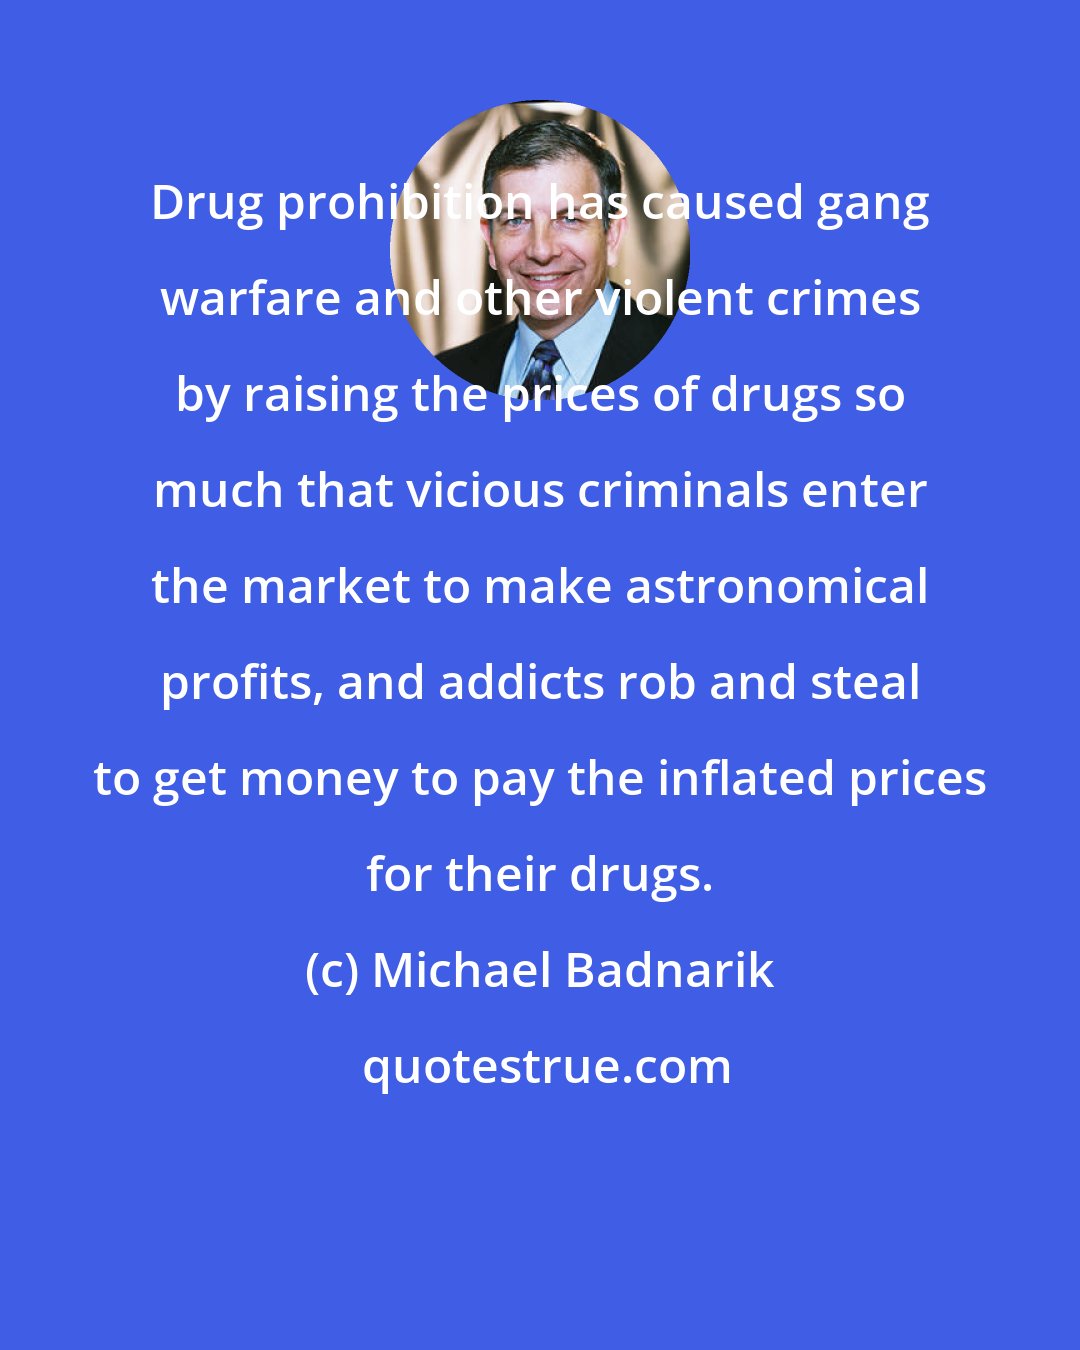 Michael Badnarik: Drug prohibition has caused gang warfare and other violent crimes by raising the prices of drugs so much that vicious criminals enter the market to make astronomical profits, and addicts rob and steal to get money to pay the inflated prices for their drugs.
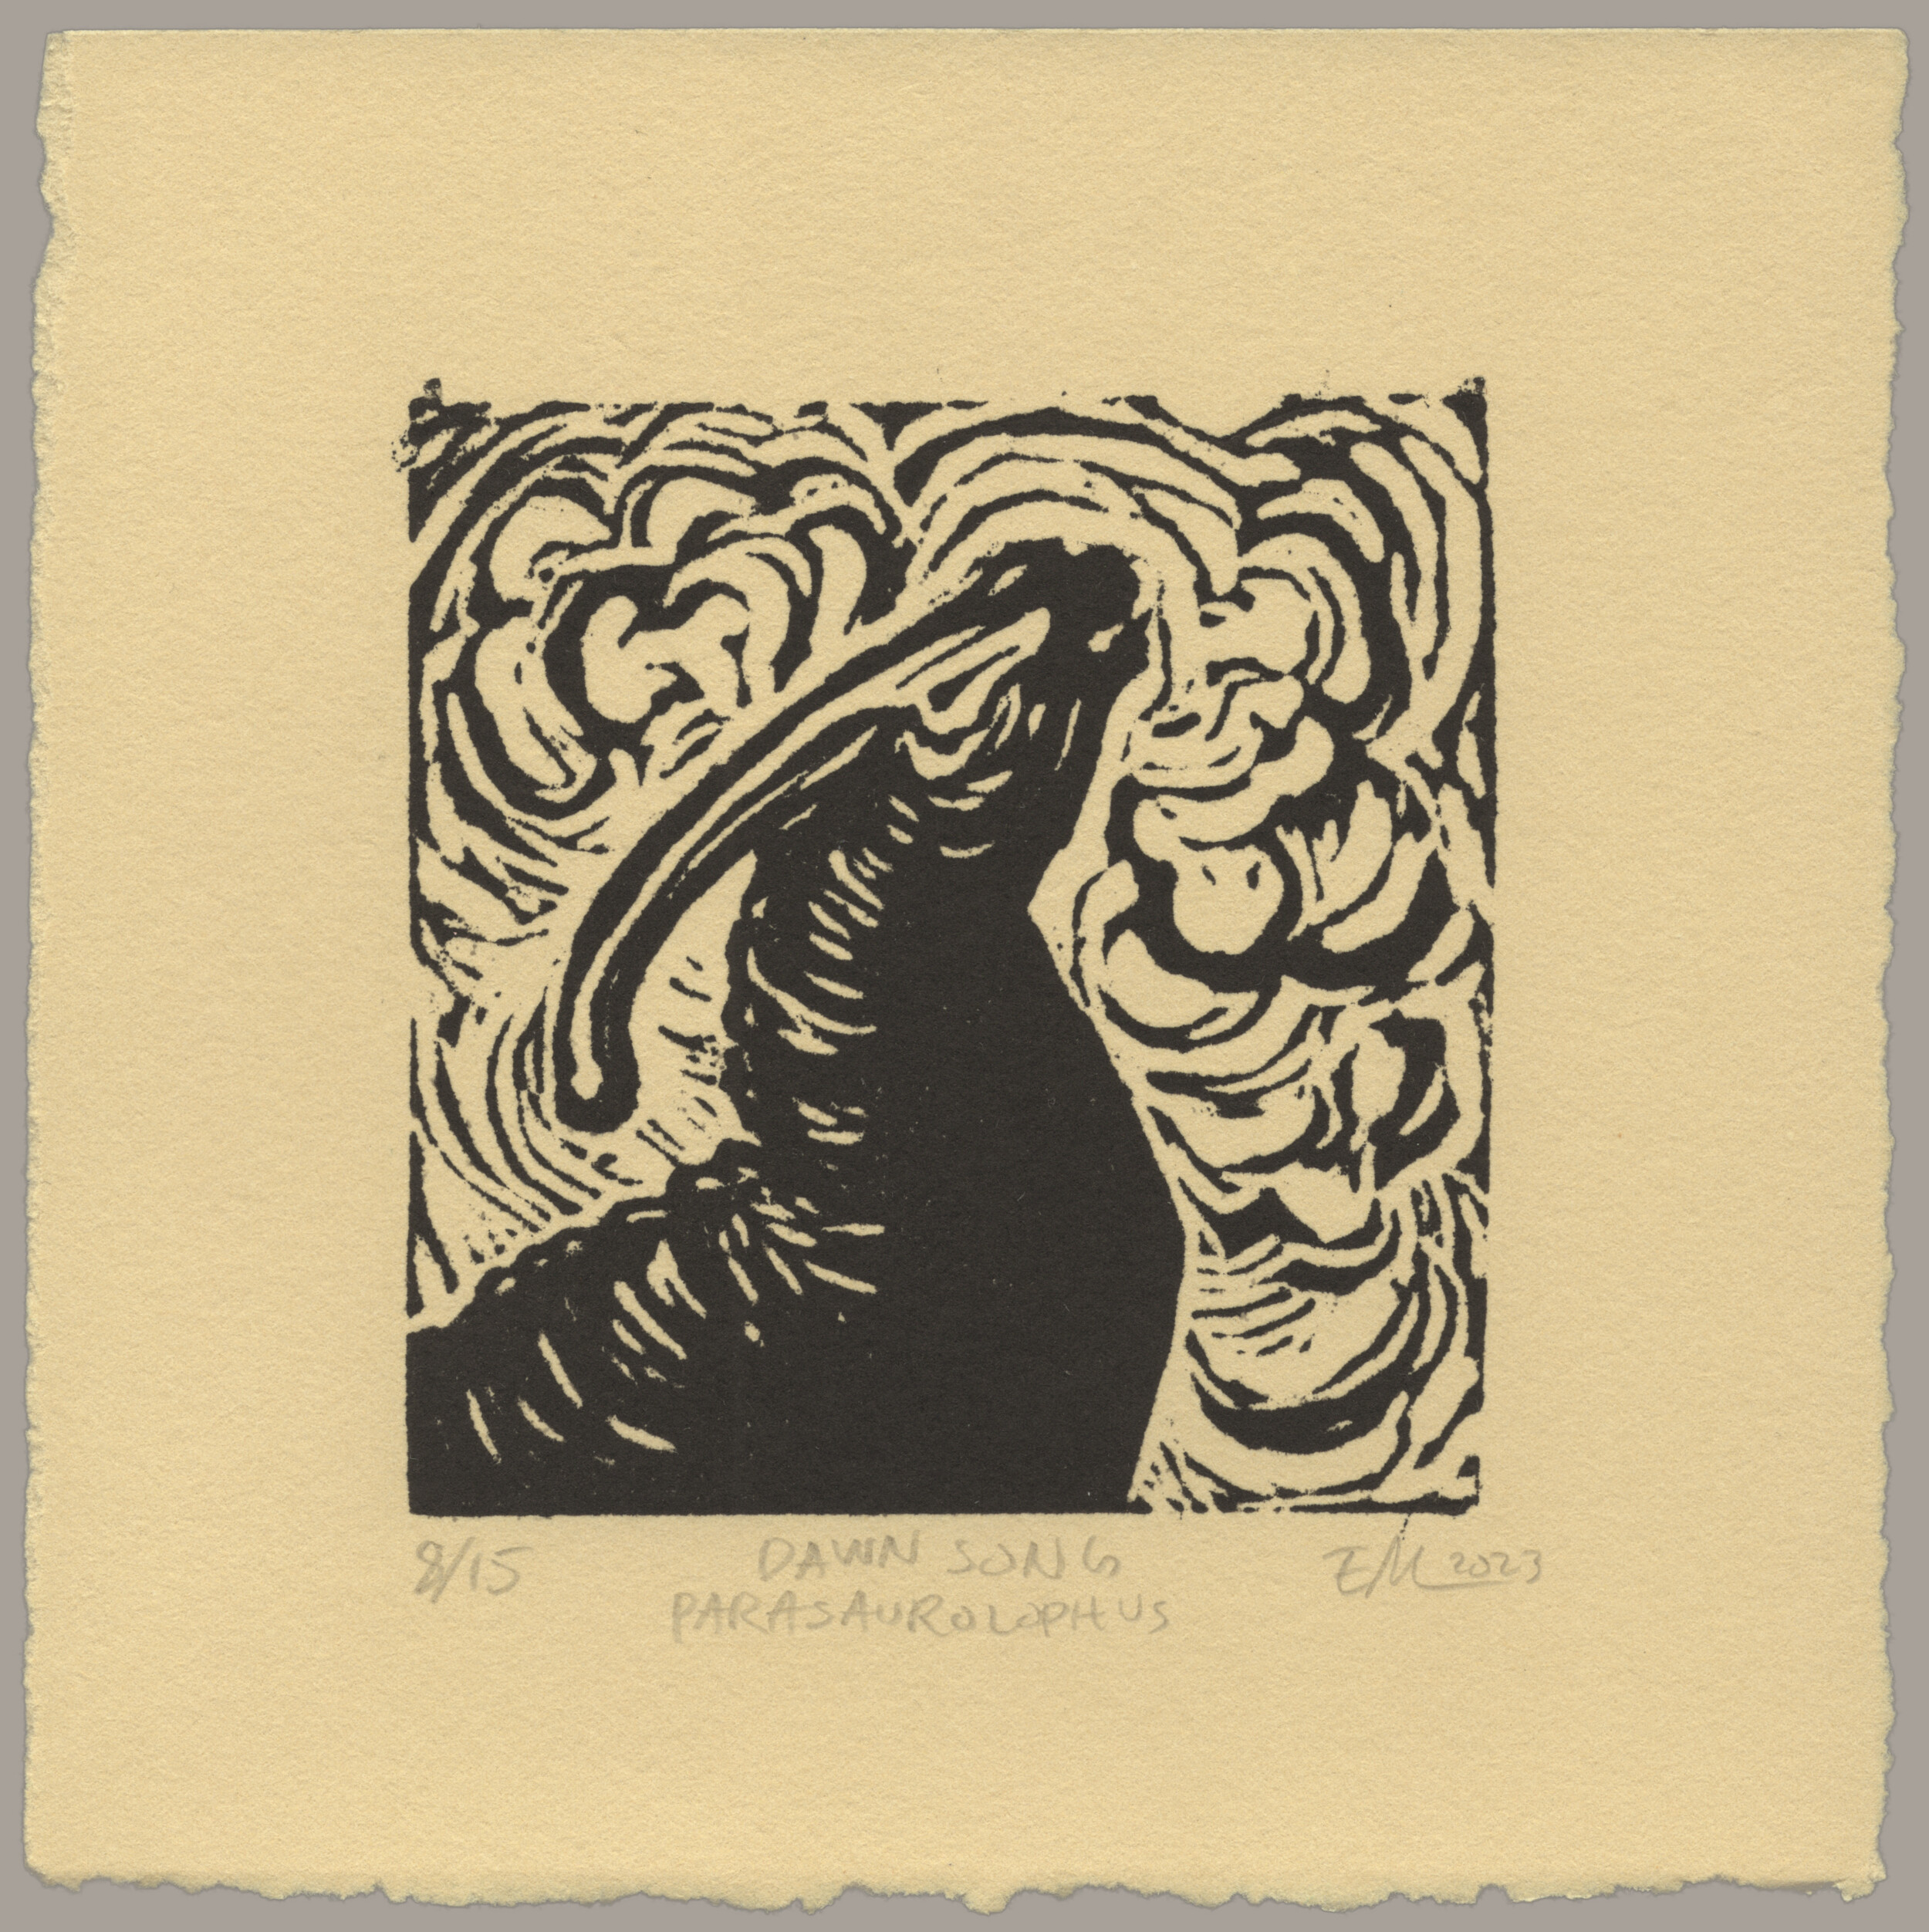 A black linocut print on warm, sand-colored paper showing a bust of a dinosaur with a long head crest extending backwards from its face and curving slightly over its neck. The dinosaur is lifting its head and calling with billows of fog surrounding it and the sun gently reflecting on its back. The print is signed '8 of 15, Dawn Song (Parasaurolophus), EM 2023'
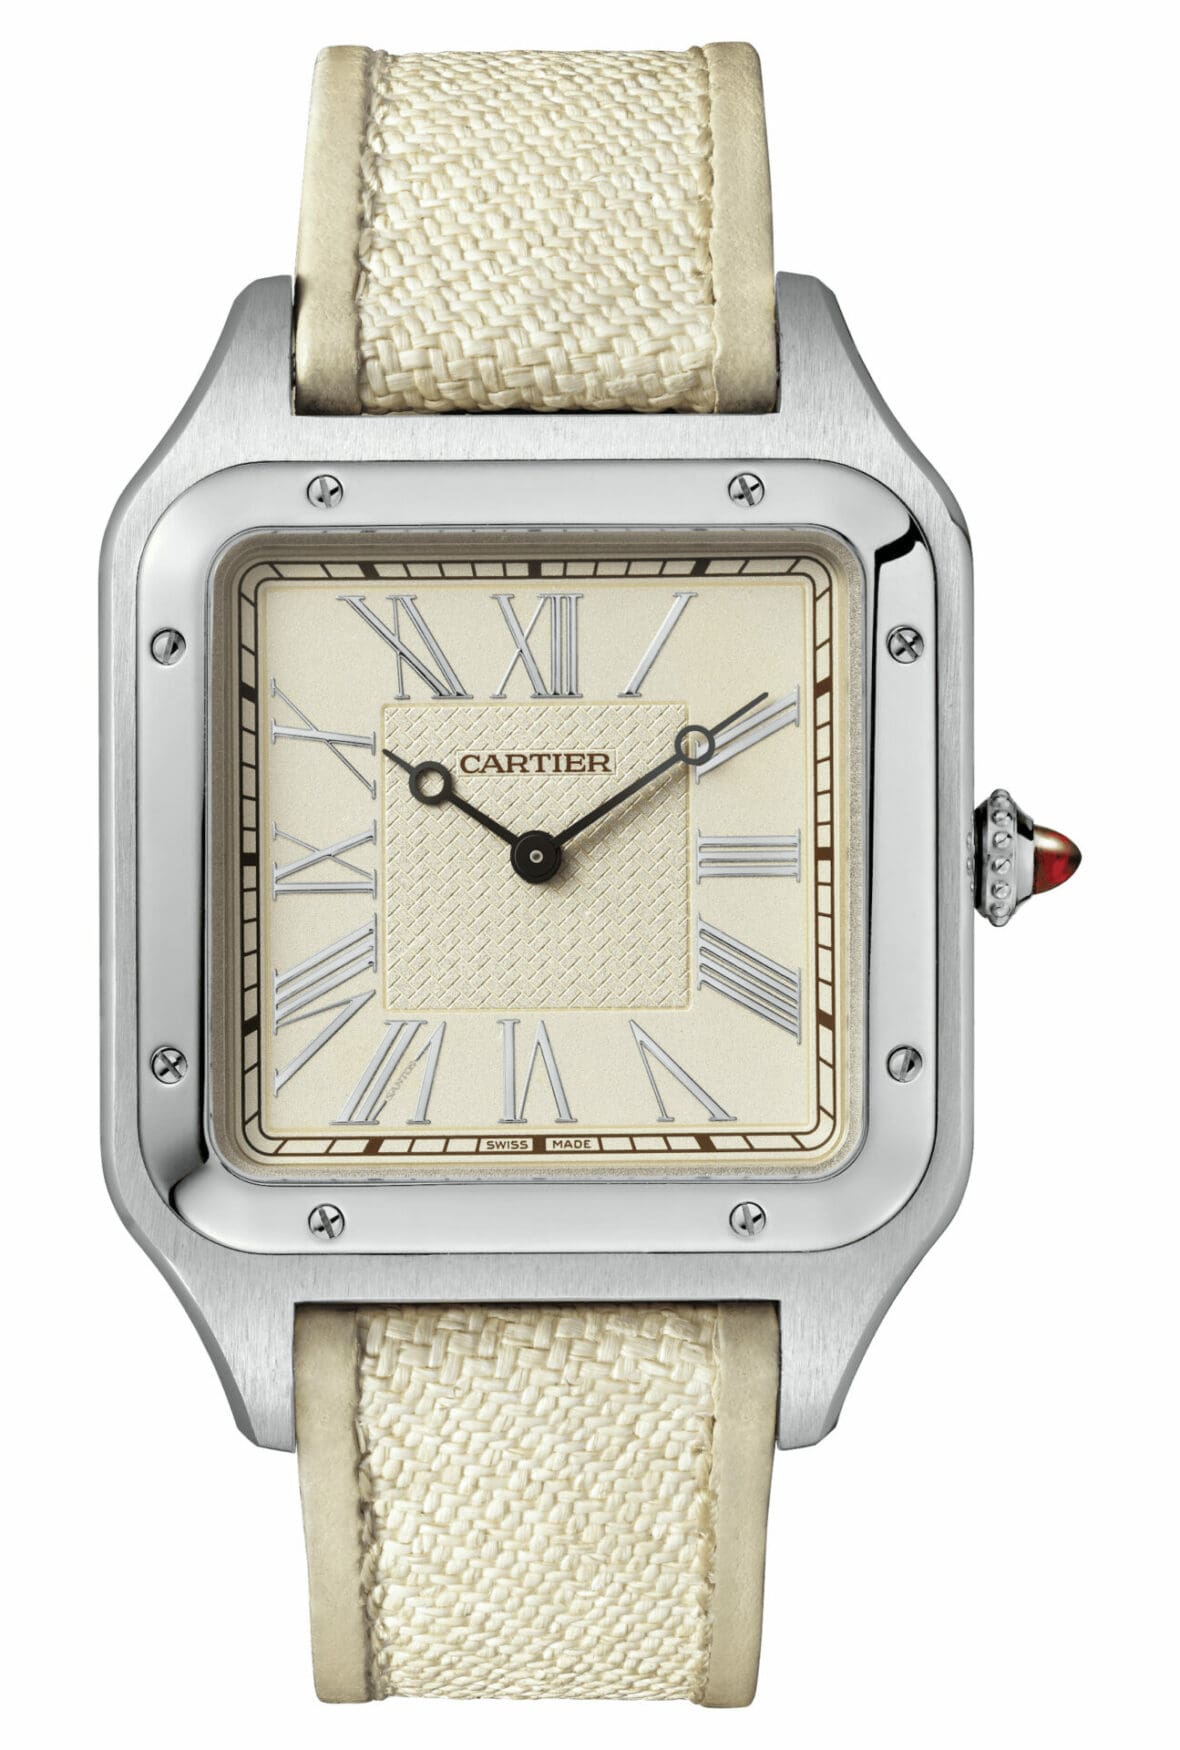 Everything you need to know about the Cartier 2020 collection
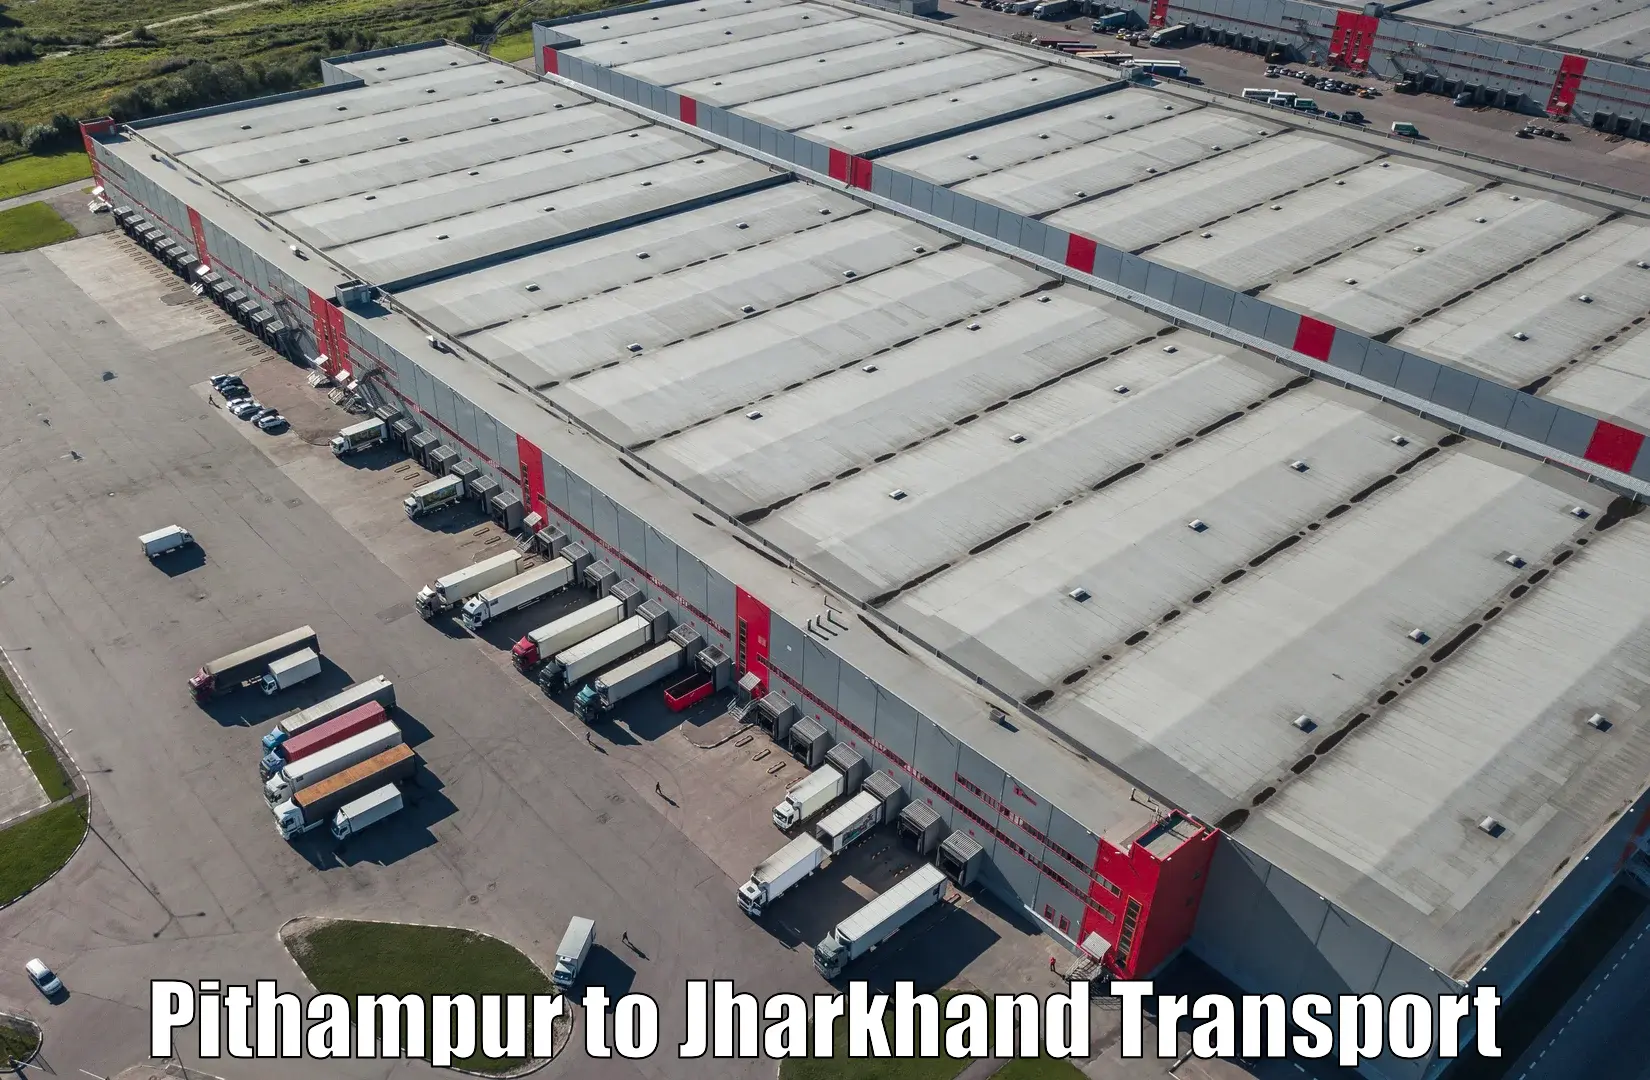 Air freight transport services in Pithampur to Bokaro Steel City

**EXERCISE**
The lines to write out run from the one containing "Everything you need" through the final line of the material above, both included; write them out exactly, with no pictures.

**ANSWER FOR THIS EXERCISE**
 Everything you need to know about the Cartier 2020 collection
 Air freight transport services in Pithampur to Bokaro Steel City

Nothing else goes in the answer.